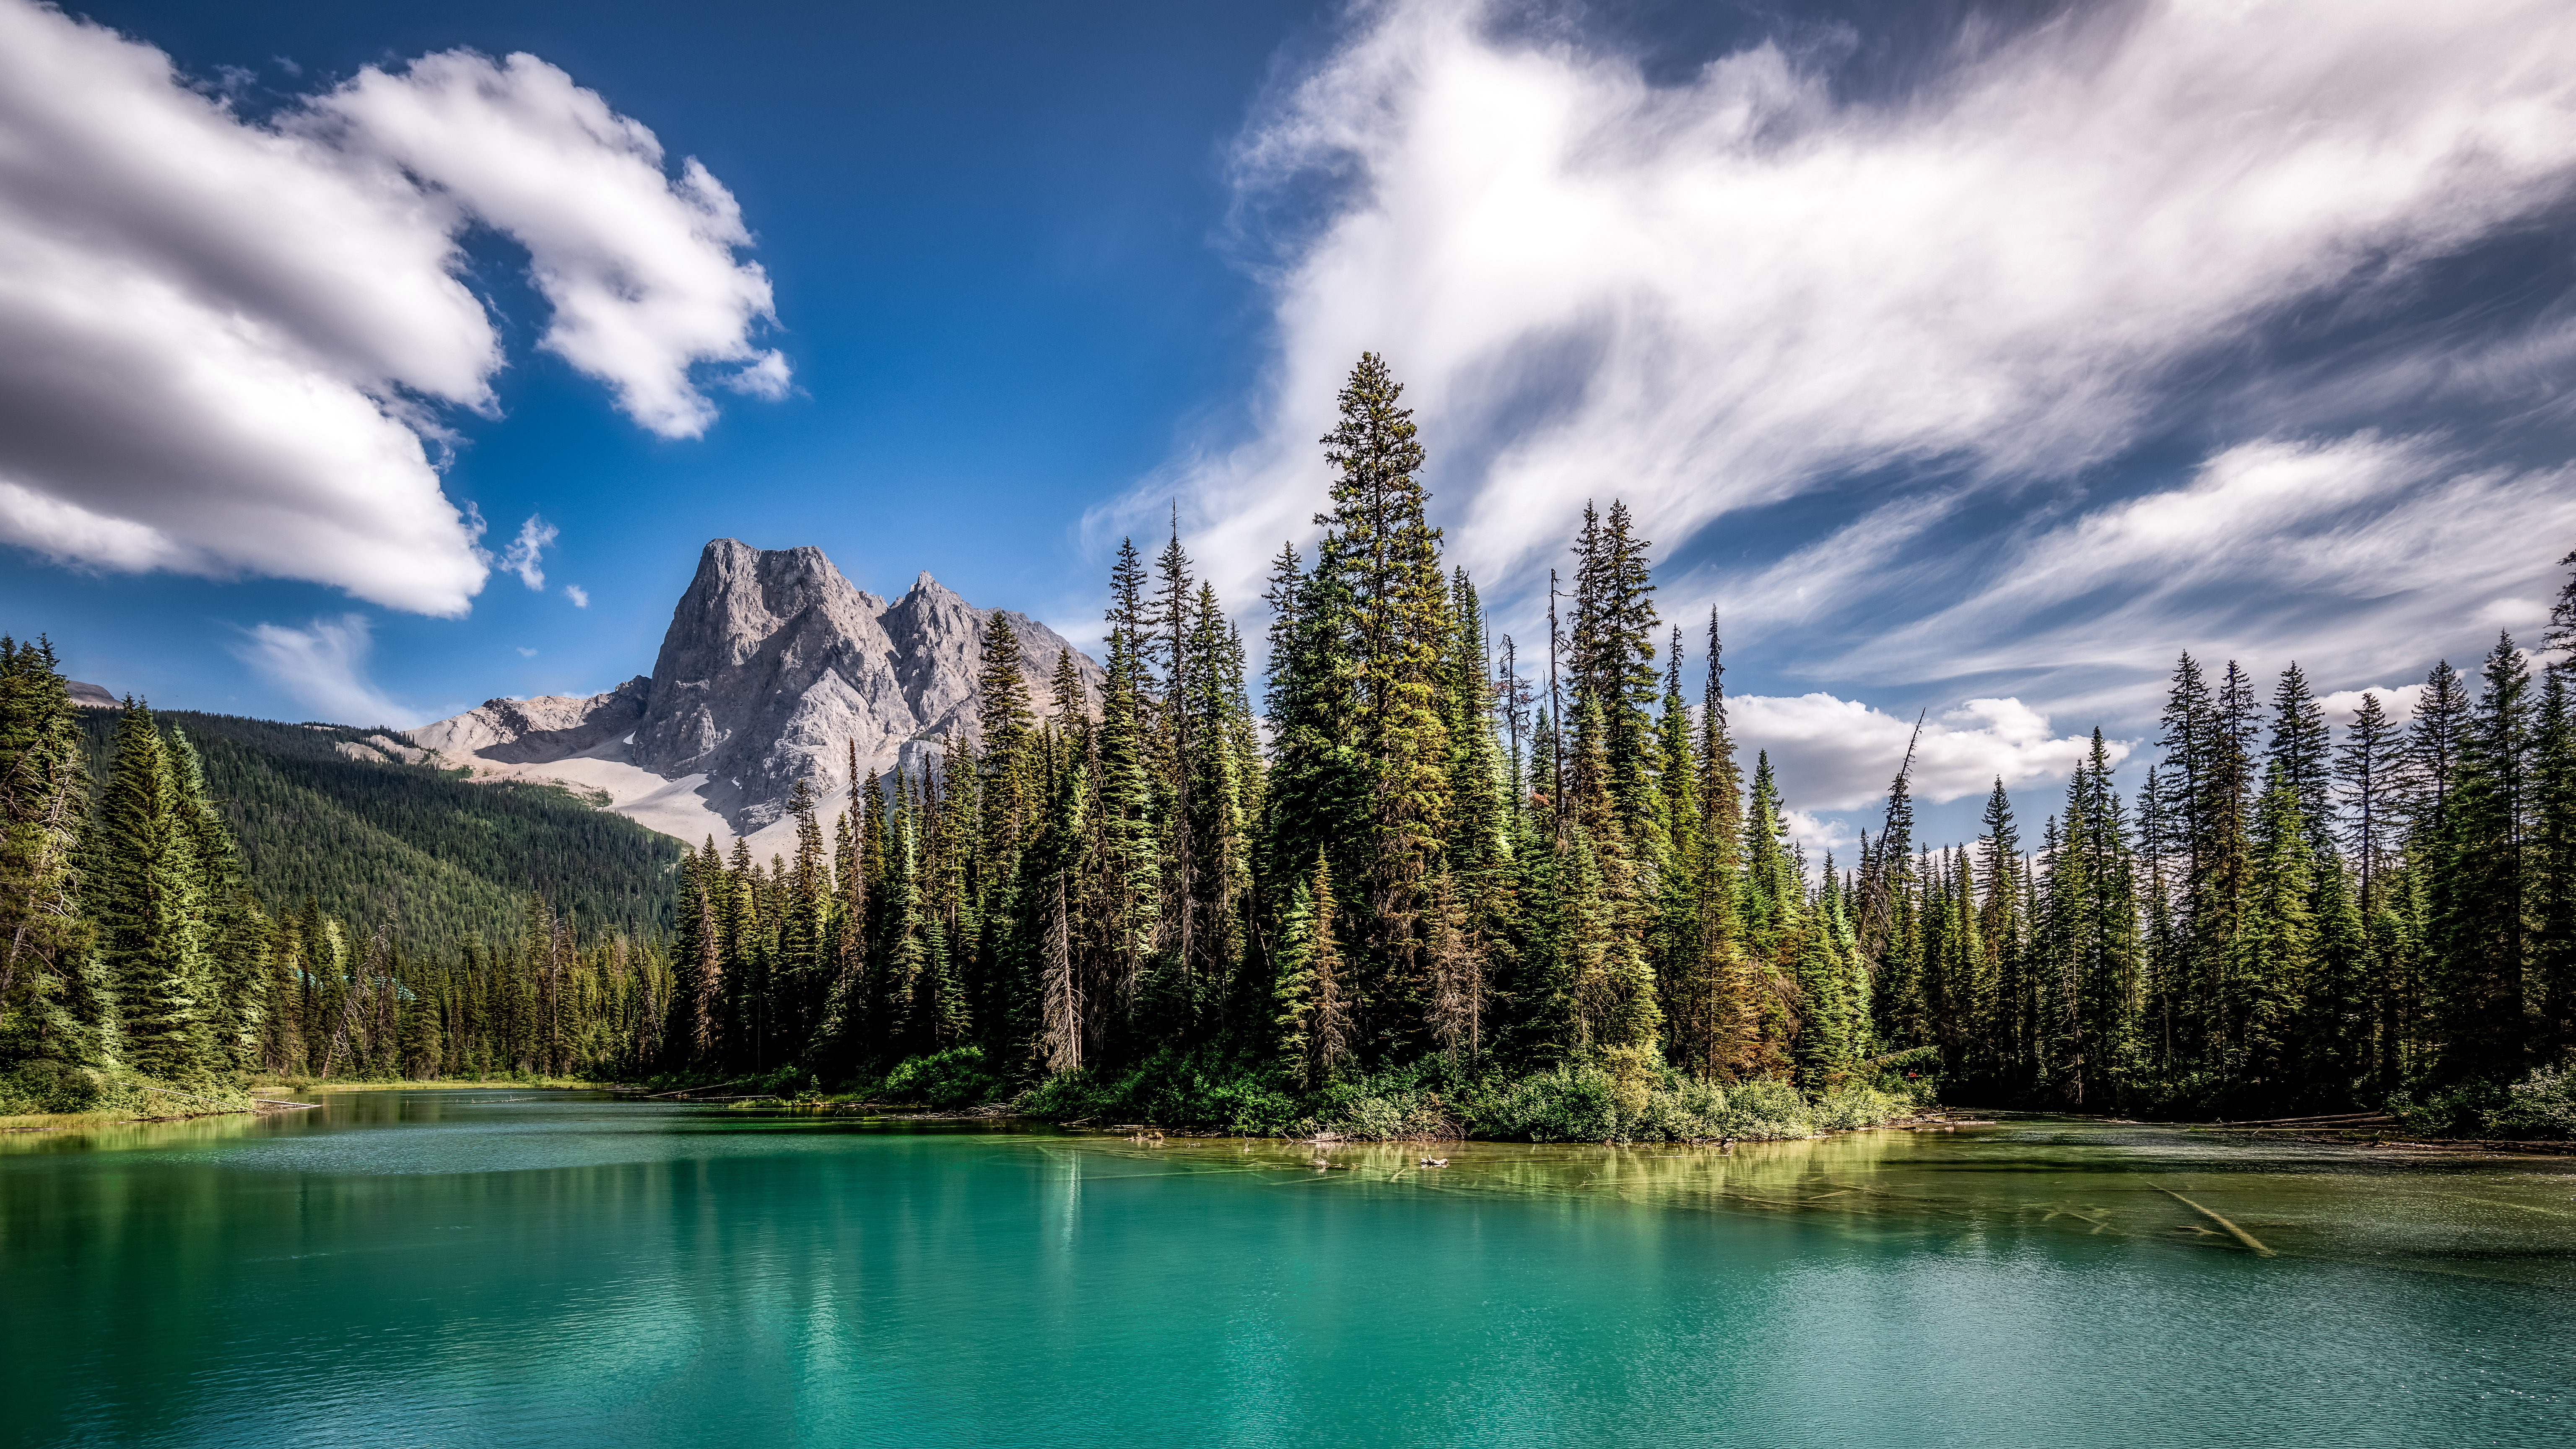 121676 download wallpaper nature, sky, mountains, lake, forest, spruce, fir screensavers and pictures for free
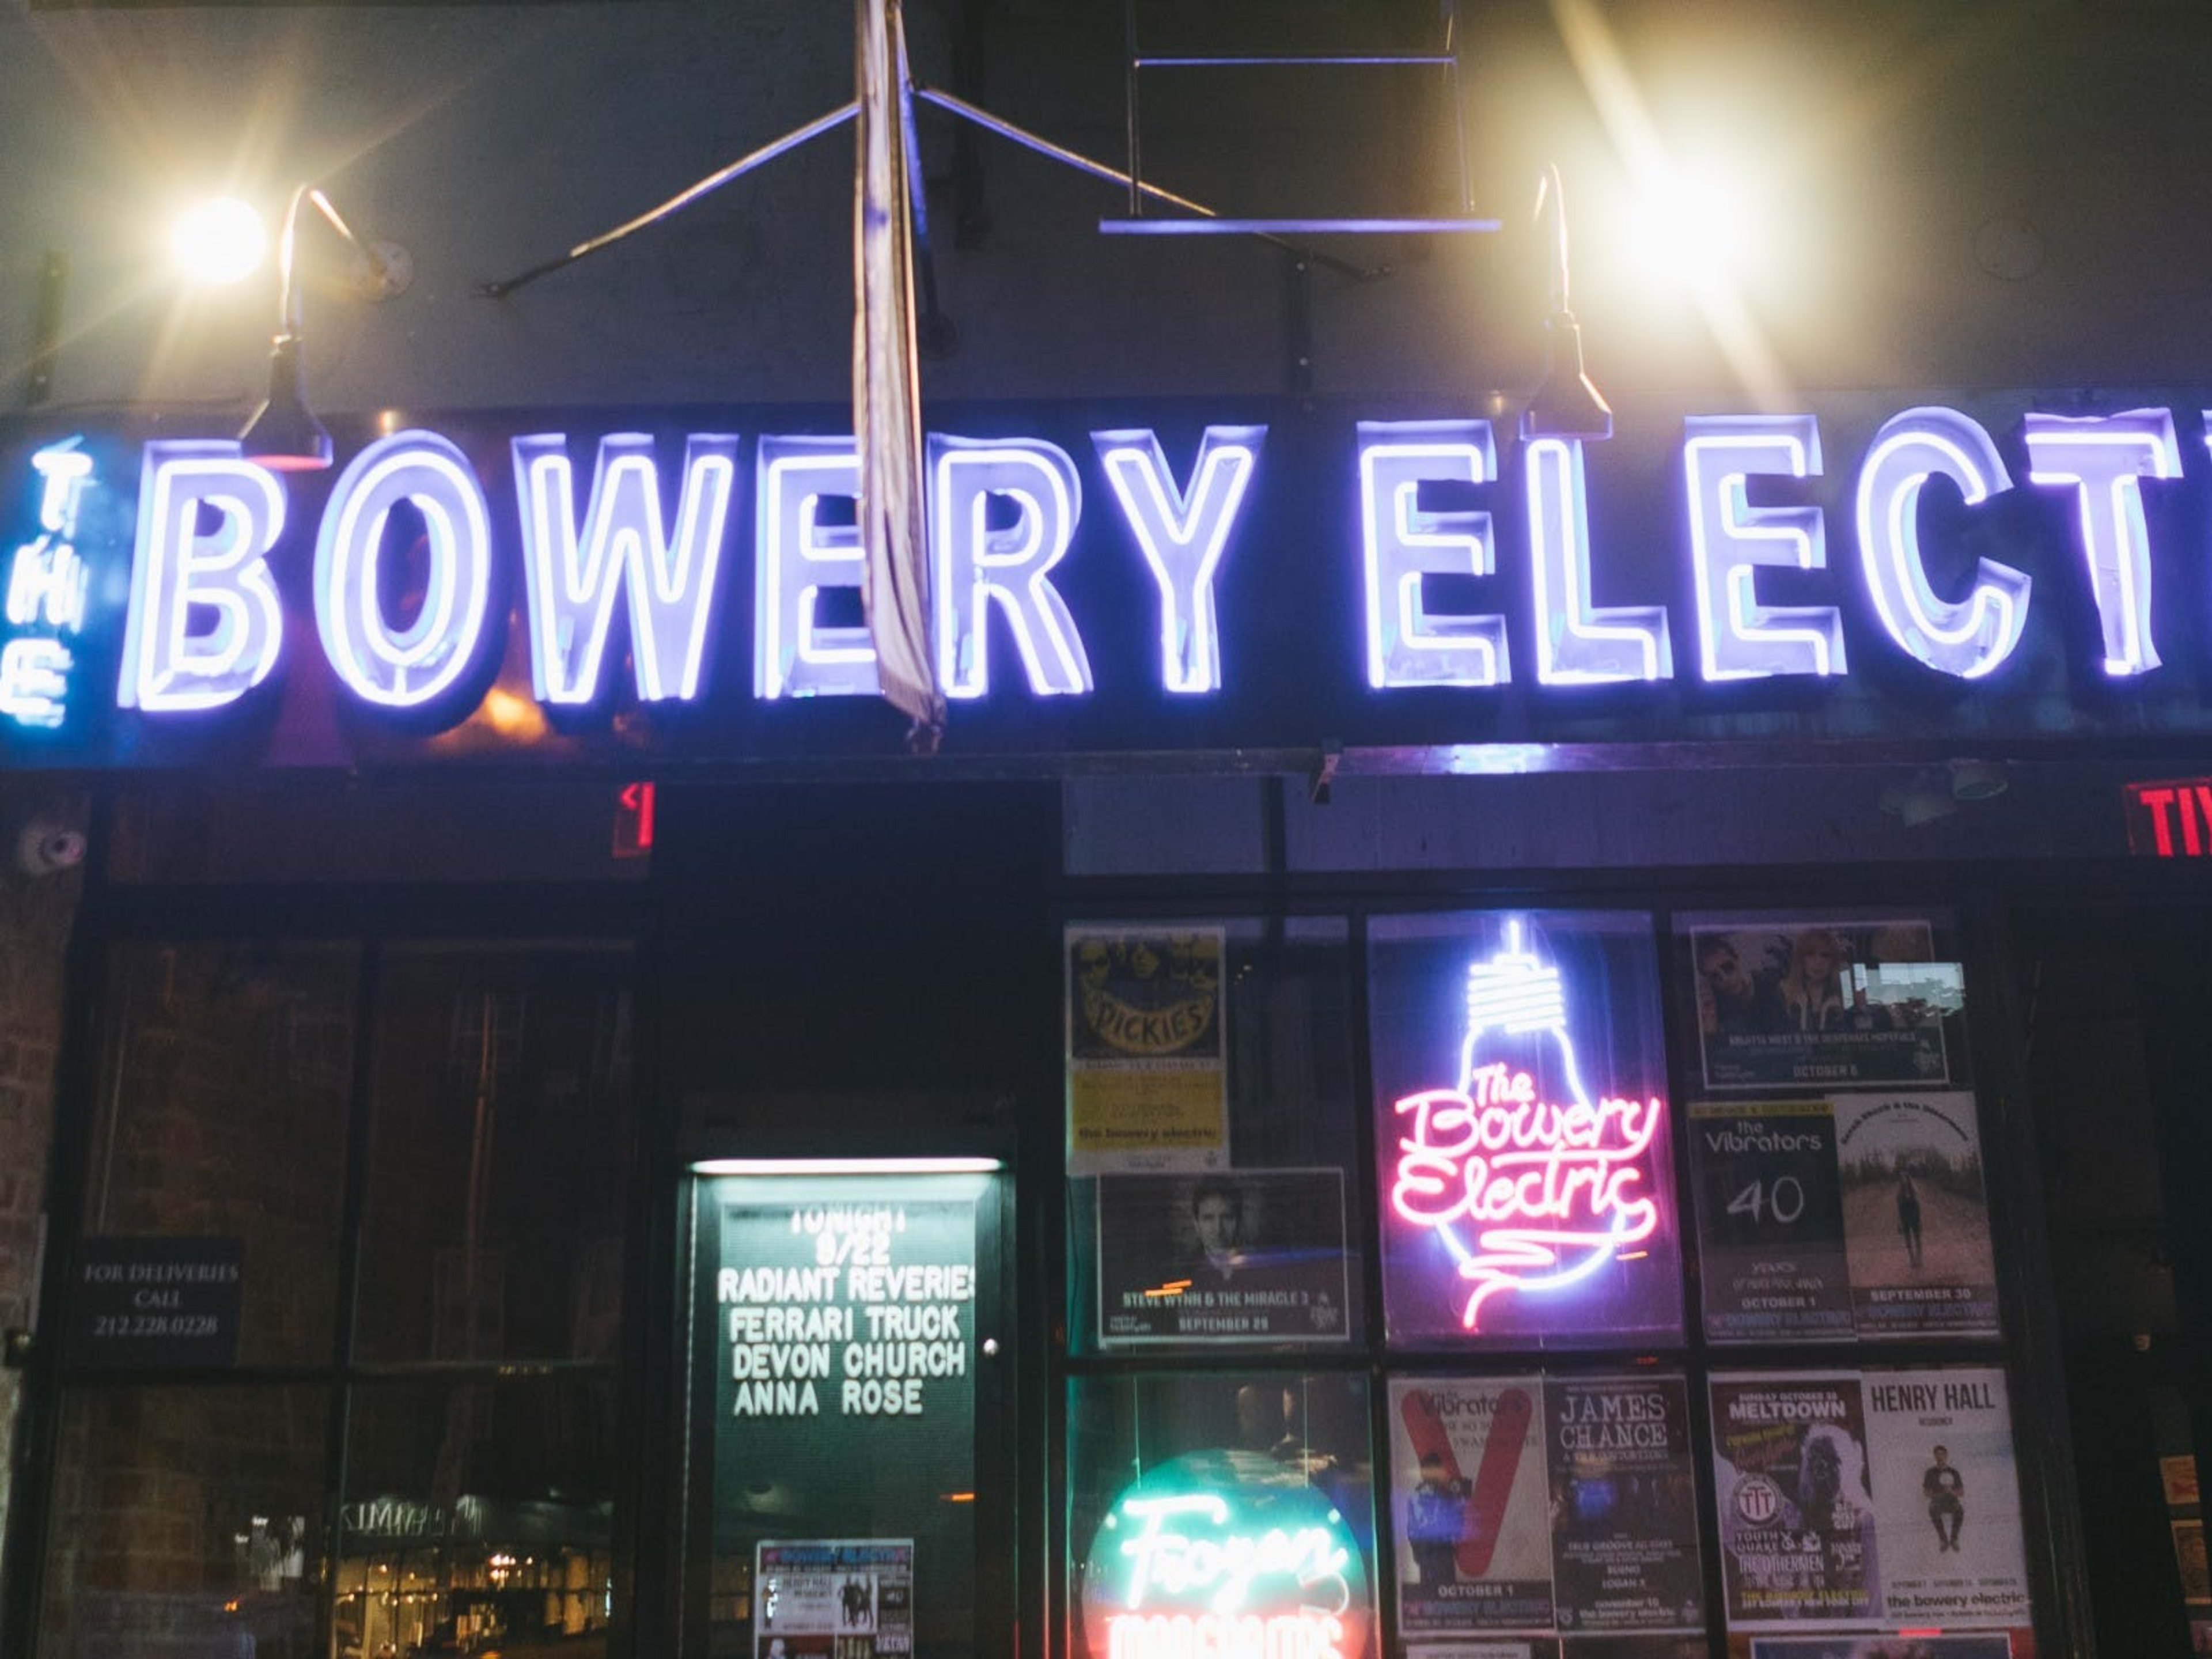 The Bowery Electric image
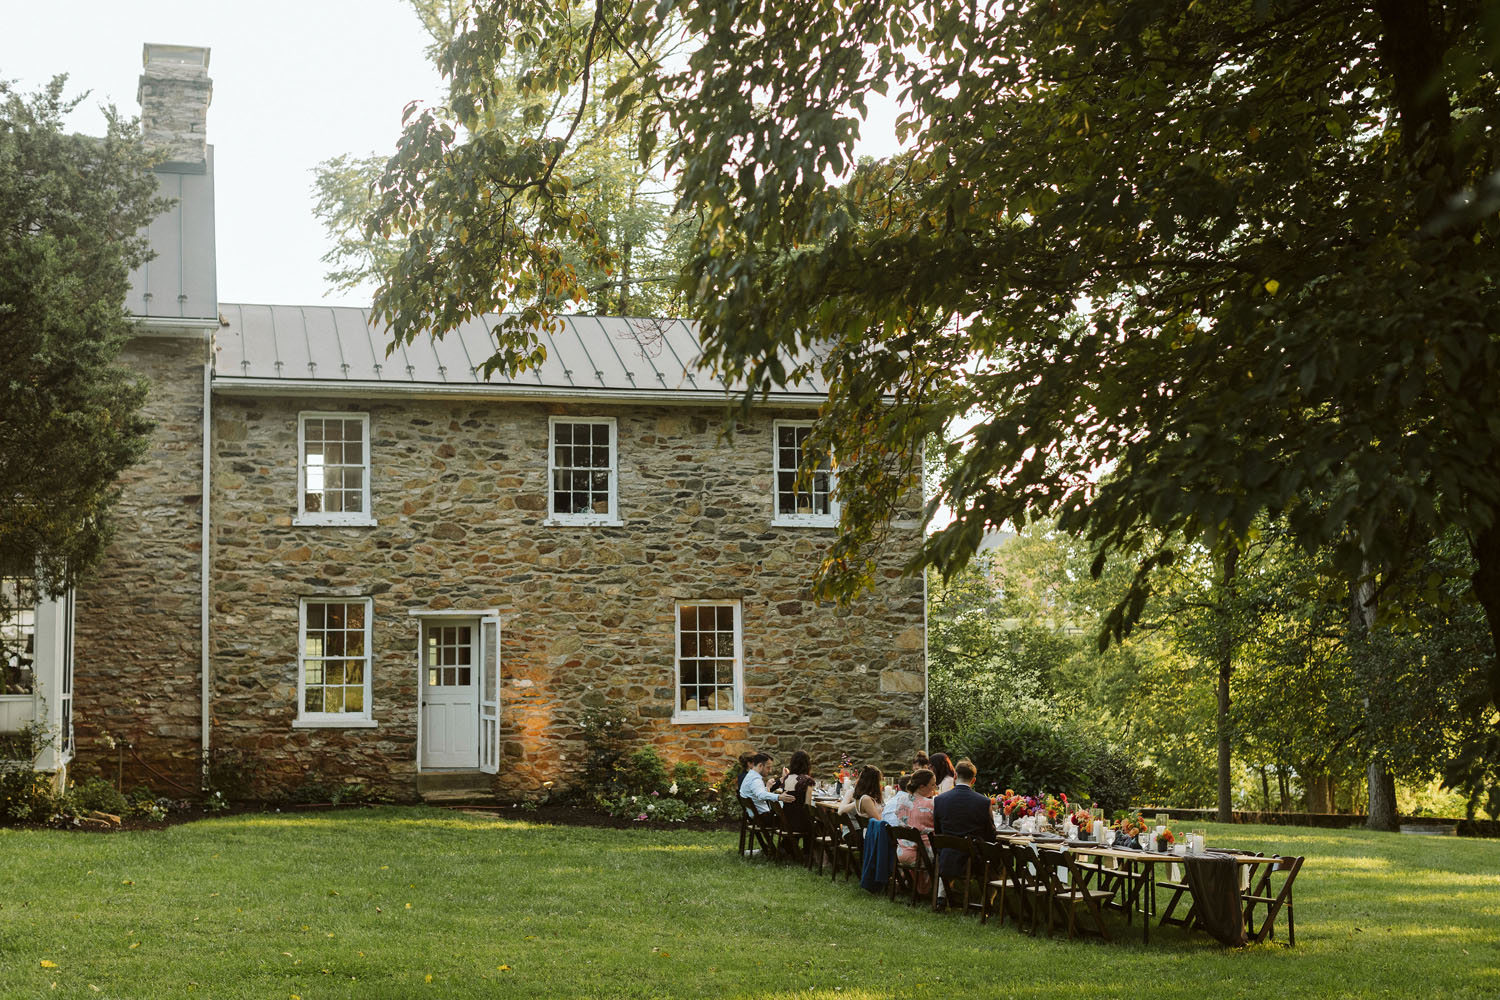 A two-story stone farmhouse with a chimney. A long table is set on the lawn near the shade of a tree

> [What the task asks]:
Only the text of the listing above is copied, exactly as written; its pictures are dropped.

> [Answer space]:
 121676 download wallpaper nature, sky, mountains, lake, forest, spruce, fir screensavers and pictures for free
 The Bowery Electric image
 A two-story stone farmhouse with a chimney. A long table is set on the lawn near the shade of a tree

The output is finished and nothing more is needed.